The specifications for content negotiation have been a part of HTTP since the beginning. Unfortunately, it can not be relied upon as extensively as one would like. For example, current browsers that implement "plug-ins," by and large do not express in the connection headers which media types they have plug-ins for. Thus, content-negotiation can't be used to decide whether to send someone a "ShockWave" file or its Java equivalent, currently. The only safe place to use it currently is to distinguish between inlined JPEG or gif images on a page. Enough browsers in use today implement content negotiation closely enough to get this functionality.

The mod_negotiation.c in Apache 1.0 implements the content negotiation specifications in an older version of the HTTP/1.0 IETF draft, which at the time of this writing is on its way to informational RFC status. It was removed because the specification was not entirely complete, and a document describing it could not be labeled "Best Current Practice," which is what the HTTP/1.0 specification became. Content negotiation is getting significantly enhanced for HTTP/1.1. However, this doesn't mean it can't be safely used now for inlined image selection.

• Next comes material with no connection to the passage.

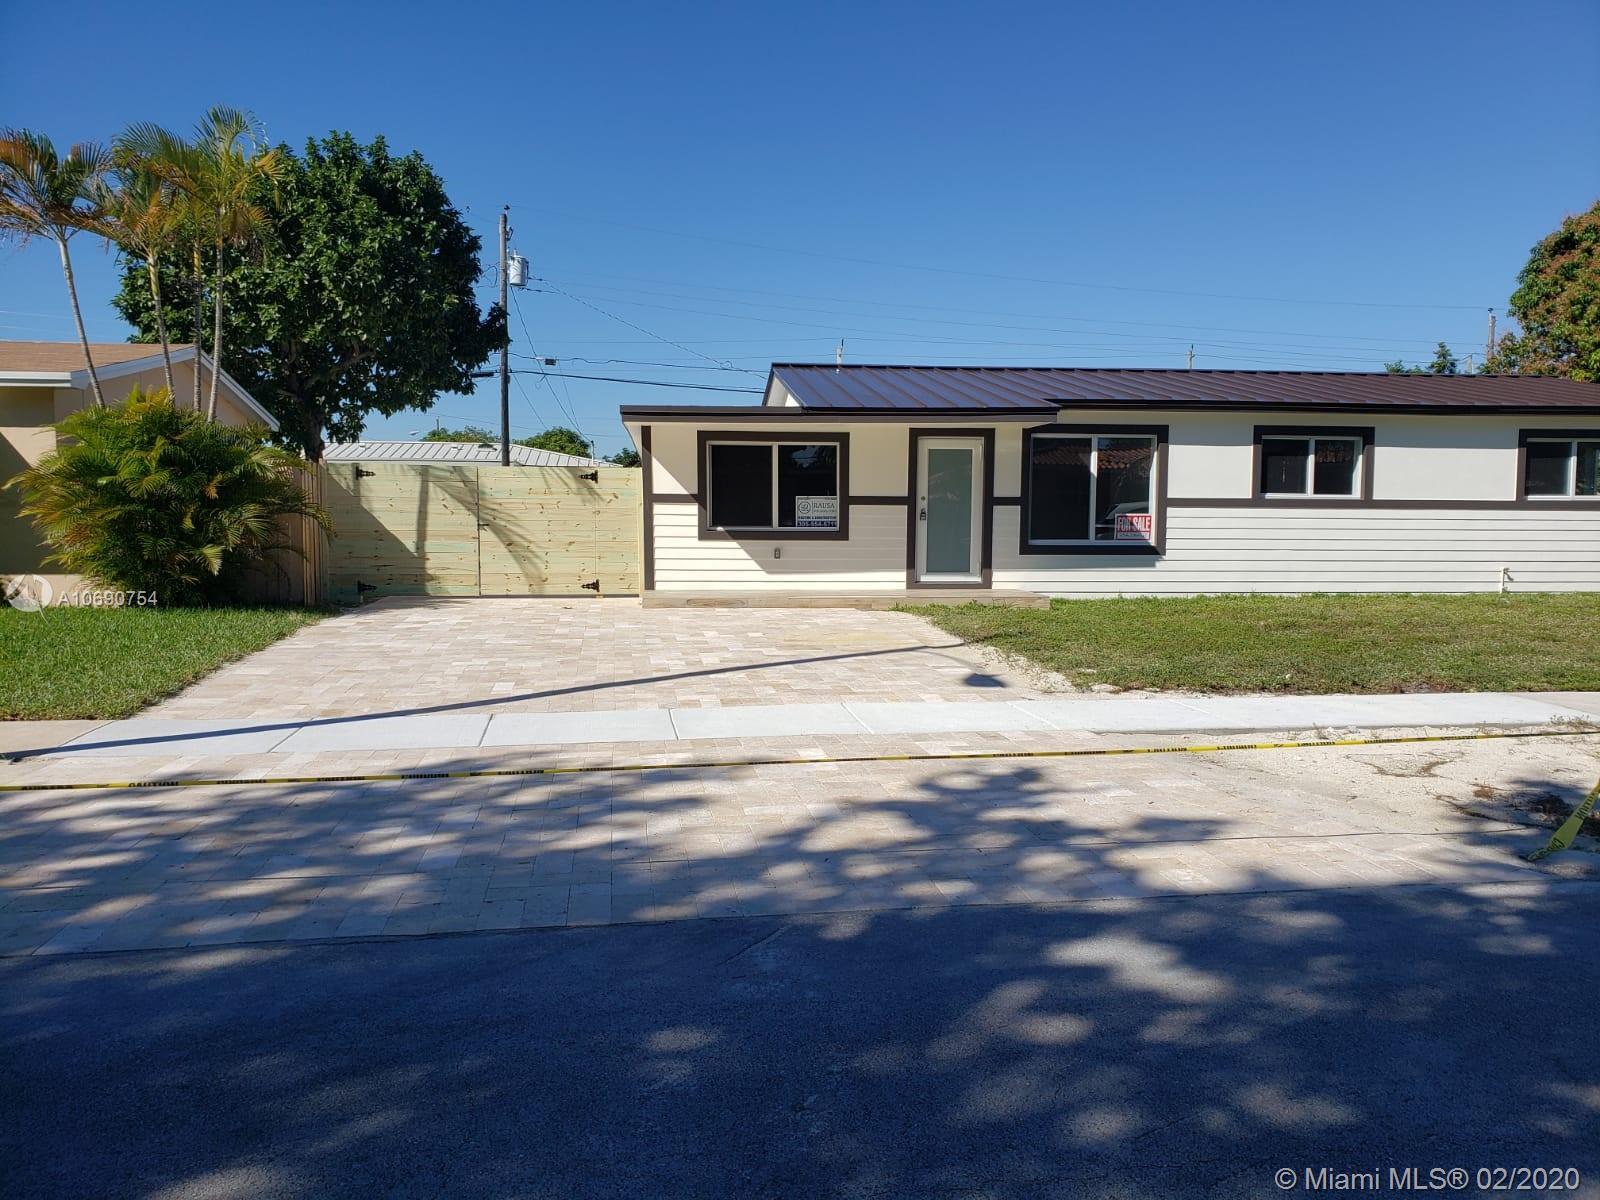 7030 W 10th Ave, Hialeah FL 33014

To activate it, you must include the module "mod_negotiation.c" into the server. There are actually two ways to configure content negotiation:

Using a "type-map" file describing all the variants of a negotiable resource with specific preference values and content characteristics.
Setting an "Options" value called "MultiViews".

Since your focus is pragmatic, you will go only into the "MultiViews" functionality. If you are interested in the type-map functionality, the Apache Web site has documentation on it.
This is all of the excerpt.